Why aren't specs pure data?

Disclaimer: I don’t mean for this to seem controversial or offensive and am genuinely curious. I have no idea what I’m doing. I’m probably wrong, and will keep it short.

tldr: What if “Specs as data” was the primary design constraint?

The operations could be functions that take data and return data. The stuff in alpha2 like resolve-spec are appreciated but I’m still exposed to objects (what is this, java?) and macros which severely reduce expressivity and seems to increase complexity in spec itself (e.g. defop). Clojure taught me to think like this and I’m confused about something so core is taking such a drastic departure from the foundational “everything is data” tenant. Is it technically necessary?

If specs aren’t pure data, how do we send them across the wire and save them in our dbs (among all the other benefits that pure data give us)?

:v:

4 Likes

There is a lib: https://github.com/metosin/malli trying to build a spec like library with that exact design constraint.

As to why spec1 or spec2 won’t strictly adhere to that constraint I can’t say. I know one thing is that spec seems very concerned with the speccing of functions and macros, and their subsequent generative testing and instrumentation. Where as I feel people wanting specs as data are more concerned with speccing data to be exchanged or persisted, like speccing APIs, or you database’s data. I do not know if making specs fully data would be a big hurdle in terms of speccing functions and macros. I know one thing that malli seems to do (not quite sure), is you cannot use any arbitrary predicate (any piece of code that returns true/false) in your schemas. This is a bit required, if you make spec data, you have to assume the set of predicates is always going to be available, so no custom predicates.

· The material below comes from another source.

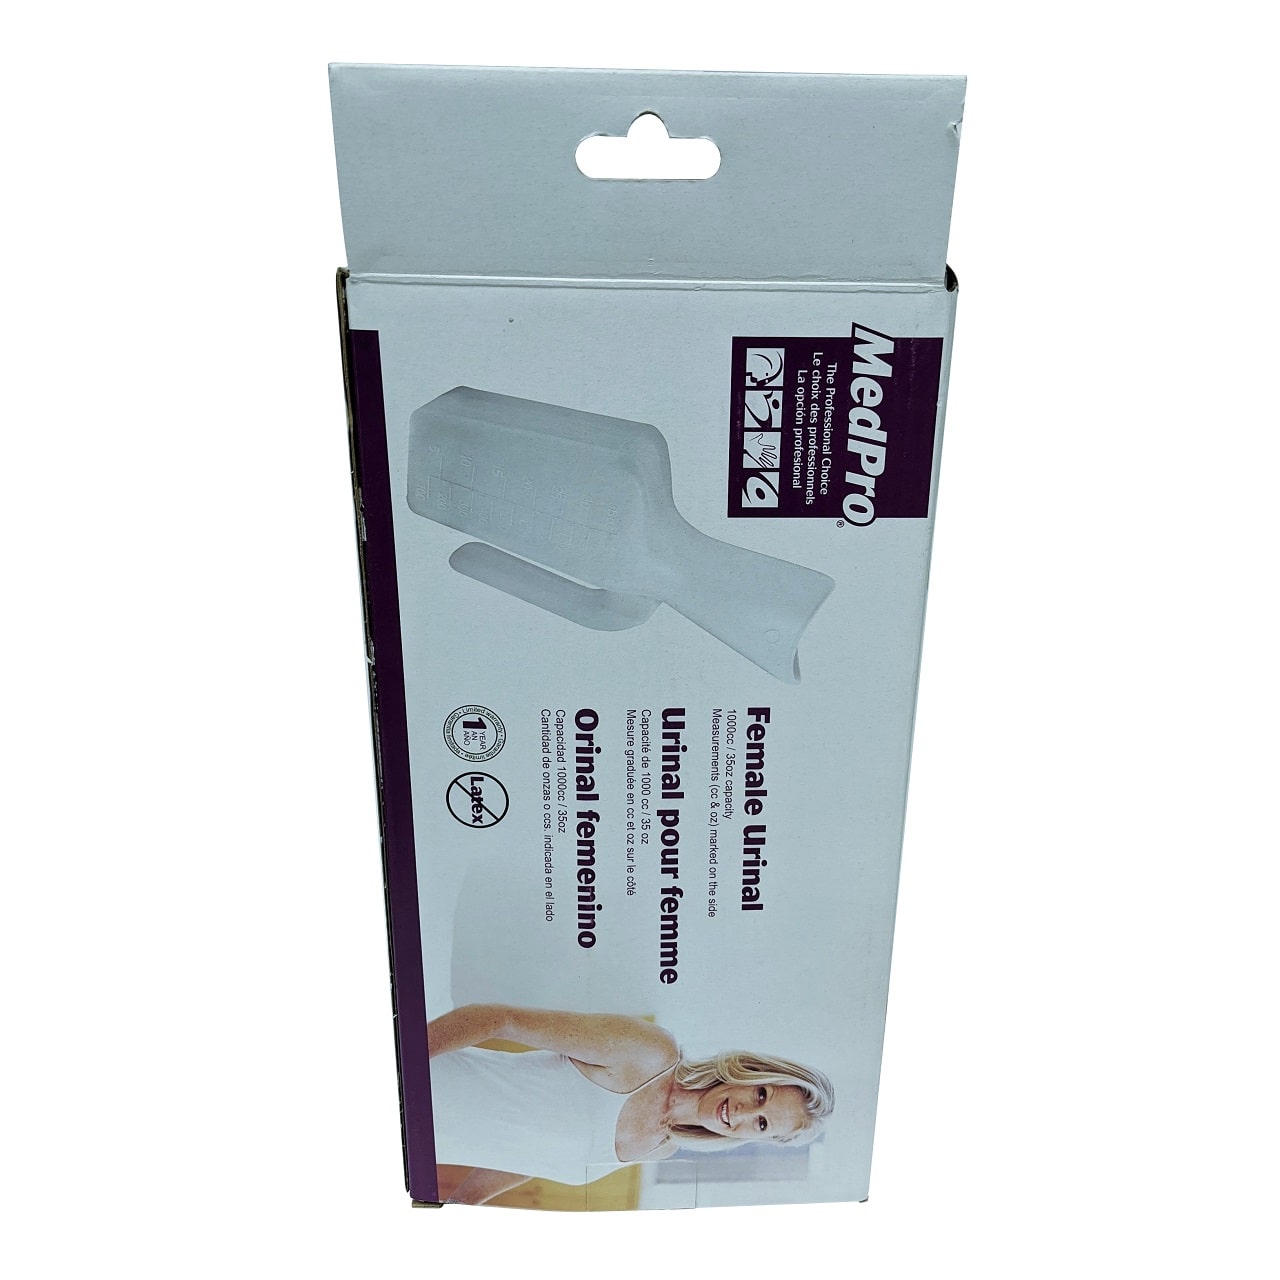 Product label for MedPro Female Urinal (1L capacity)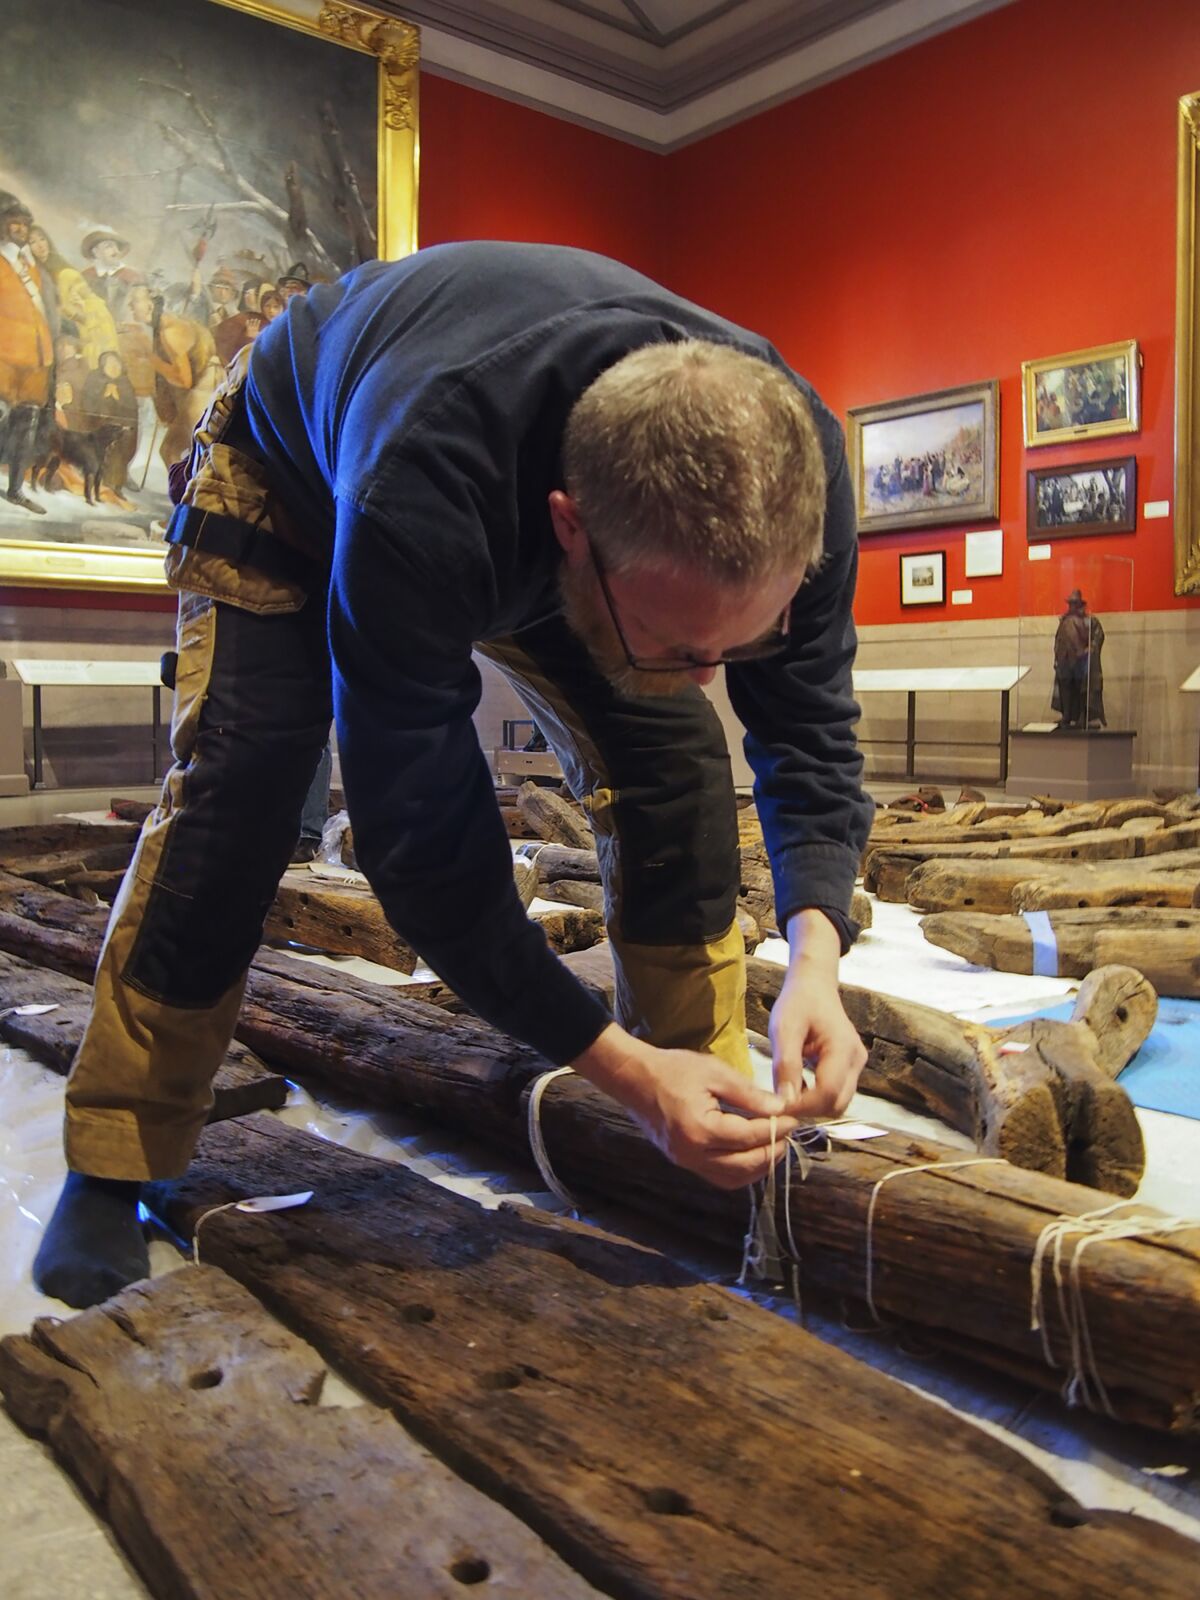 In this Jan. 2018 photo provided by the Pilgrim Hall Museum, Dr. Fred Hocker, Director of Research, Vasa Museum, Stockholm, Sweden, examines Sparrow-hawk timbers at Pilgrim Hall Museum, in Plymouth, Mass. The timbers were sampled in 2018 and analyzed over the course of several years. (Marie Pelletier/Pilgrim Hall Museum photo via AP)

Maybe that’s a reason why spec1 and 2 don’t fully embrace specs as data?

P.S.: Might be a good question to ask on: https://ask.clojure.org/ as well.

3 Likes

I do have to say though, spec2 has made great stride in being more data-driven.

You have symbolic specs, which are pure data, and they can be interpreted into real spec objects with s/resolve-spec. Spec objects can also be serialized back into pure data symbolic specs using s/spec.

Now, these symbolic specs do assume an environment. And that will always be true, since specs represent code which you can’t bundle in. I think that’s why they called them symbolic spec. Because the spec can not run, it has references to predicate functions or other specs. So if you saved them to your database, and read them back later, you’d need to make sure you re-run them within the same environment. Where the symbols point to the same predicates, and the specs to the same specs. It does seem Malli does something cool here, leveraging Sci, somehow allowing functions to be serialized? I’m not too sure I understand it all though.

I don’t think having spec objects is that bad. It just means the spec probably provide their own functionality. Where-as the alternative would have been for each function. like valid, conform, etc. to re-interpret the spec and execute the appropriate functionality for it. I’m guessing by having spec objects, they can maybe have better dispatch performance. And by being protocol based, it probably allowed for it to be user extended? Speculating a bit here as well.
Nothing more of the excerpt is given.